1. Less water is pumped and purified saving energy.
2. It reduces the strain on existing water treatment facilities extending their life and allowing the existing facilities to supply a greater number of homes, thus putting off the expense of building new facilities.
3. In an emergency, people have a store of water that a quick boiling and trip through a coffee filter will render drinkable.
4. It removes a huge amount of runoff water from the municipal waste water system when there is a rain storm, because the catchment tanks must fill before any of that water passes through the overflow. I am the first to admit that the real solution to this problem is to have the storm and waste sewers separate, but as that will take time to accomplish, very real benefits can be realised from this water diversion. Note, the waste water should still be treated due to local pollutants, e.g. road toxins from vehicles.
Now for the inevitable objections.
Objector. What about my dog, it drinks out of the toilet?
Answer. That’s disgusting at best. The water in your toilet is riddled with bacteria or riddled with chemicals, take your pick. Give your dog a water bowl and put a child guard on the toilet lid if you have to.
Objector. What about the old people having to wash that filter.
Answer. If they are fit enough to wash the dishes they are fit enough to do this. Honestly, most older folk I’ve talked to about this liked the idea of being a little less dependent on the government to supply something as essential as water.
Objector. Why should we do this? Things have always been fine. It’s all bunk.

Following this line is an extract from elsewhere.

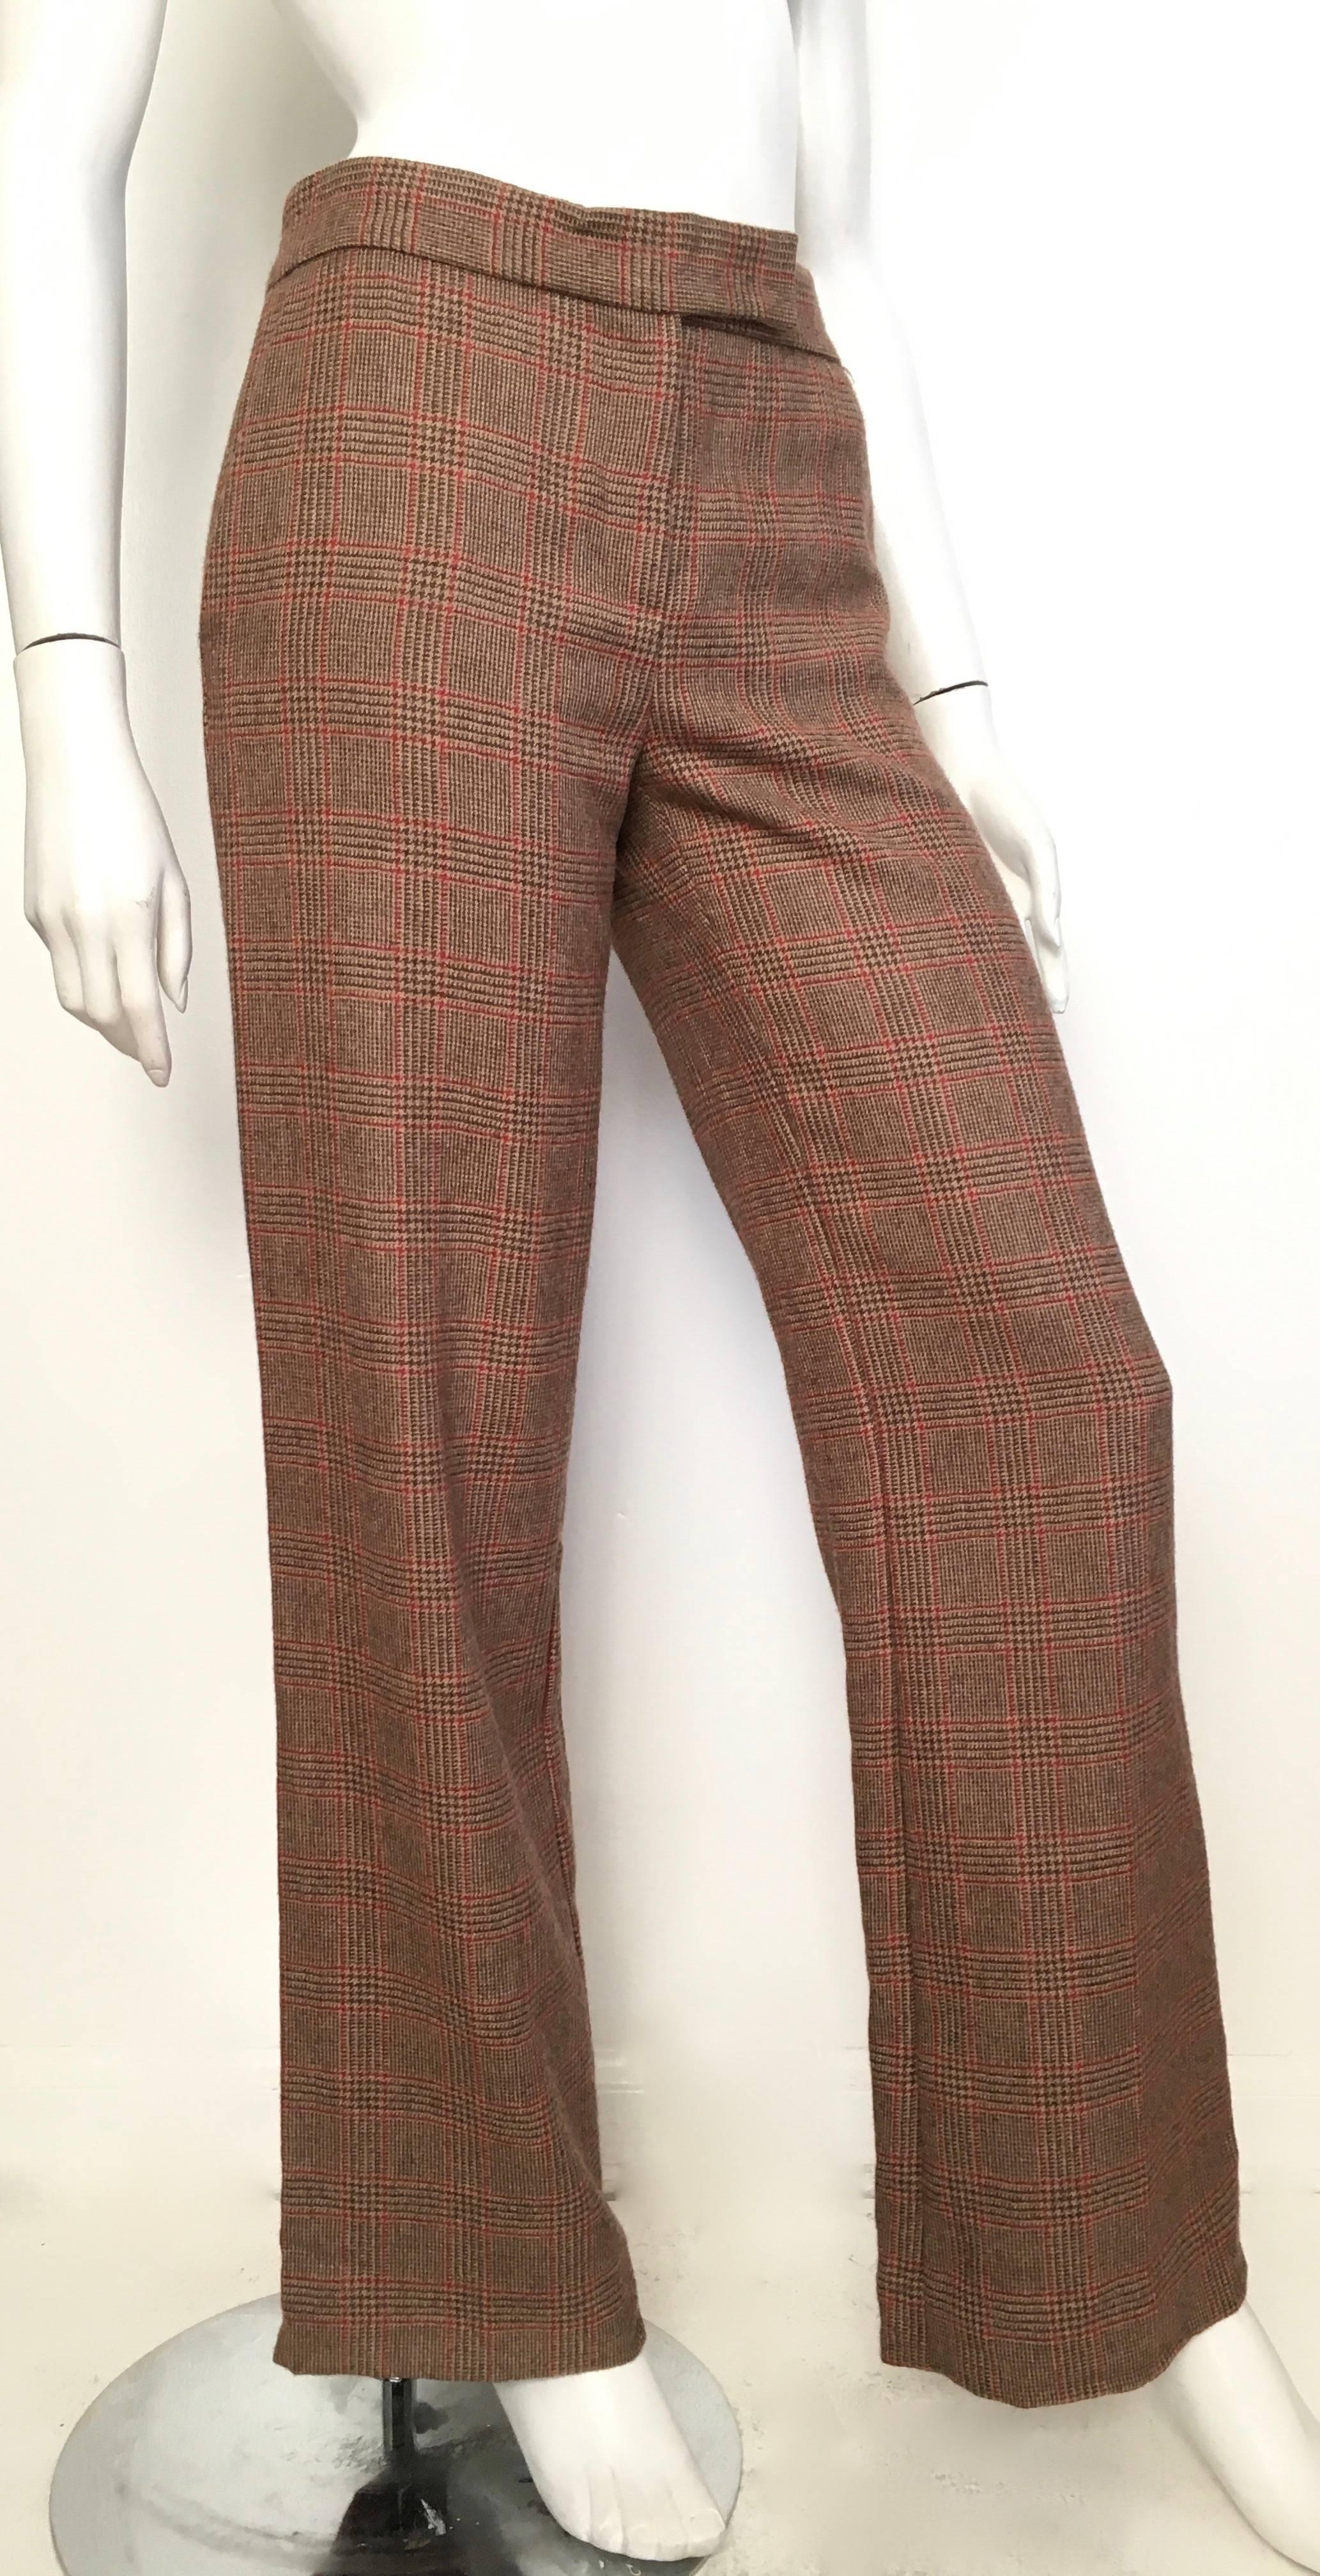 Blumarine glen plaid alpaca & wool fabric pants with pockets is an Italian size 40 and an USA size 4. These pants fit Matilda the Mannequin perfectly so if you have the body type of Matilda, it's a green light... These pants are not lined.

Answer. Wake up. The world is not the same as it was a hundred years ago. We have a much larger population, we have far more technology, the amount of carbon we as a species are releasing into the atmosphere is substantially higher and there are hosts of chemicals that exist today that didn’t twenty plus years ago. The world has changed, as has our place in it. Things are not as they have always been. After all, did you hitch up a buggy and drive the team five miles into town to do the shopping? How about walking to work? Things have changed. We now have to accept it and work to keep our standard of living while mitigating the impact of those changes.
Please note: Intelligent objections to this system, or anything I mention here in fact, and suggestions for refining it are most welcome. I don’t mind intelligent challenges just the ones based on an unwillingness to accept anything new or a complete disregard for the well being of future generations.
Problems with the system. These exist with everything and are why environmental technologies are best used in a targeted way. The main problem with a system like this is that it is of limited value in multi-storey apartment complexes. Unless one is in an extremely rainy environment, it is unlikely that the limited roof space of an apartment building would collect enough water to make much difference to the overall water consumption. This may not be true of some low rise buildings, but for many structures the cost may out-weight the benefit. In this application the local rainfall and size of building would have to be factored in on a case by case basis to determine system viability. The Next Step
The above method is the most basic of systems, but it can be expanded drastically. The simplest expansion would be to add a fine-grain filter into the system and use the rain water for the washing of clothes. A further expansion would be to add a system for sterilising the water and use it for drinking and bathing. Sterilising the water can be accomplished by running it through a UV light tank, or by chemical means. Boiling would also work although it is energy intensive.
Information on these systems can be found in issue # 199 of Mother Earth News and a variety of other sources, some of which are listed in the article.
The reason I shy away from this more advanced system is complexity, cost, and the knowledge base needed to maintain it. The advanced system would seem to lend itself to rural areas, especially ones where human activities have poisoned the groundwater making well-water unavailable.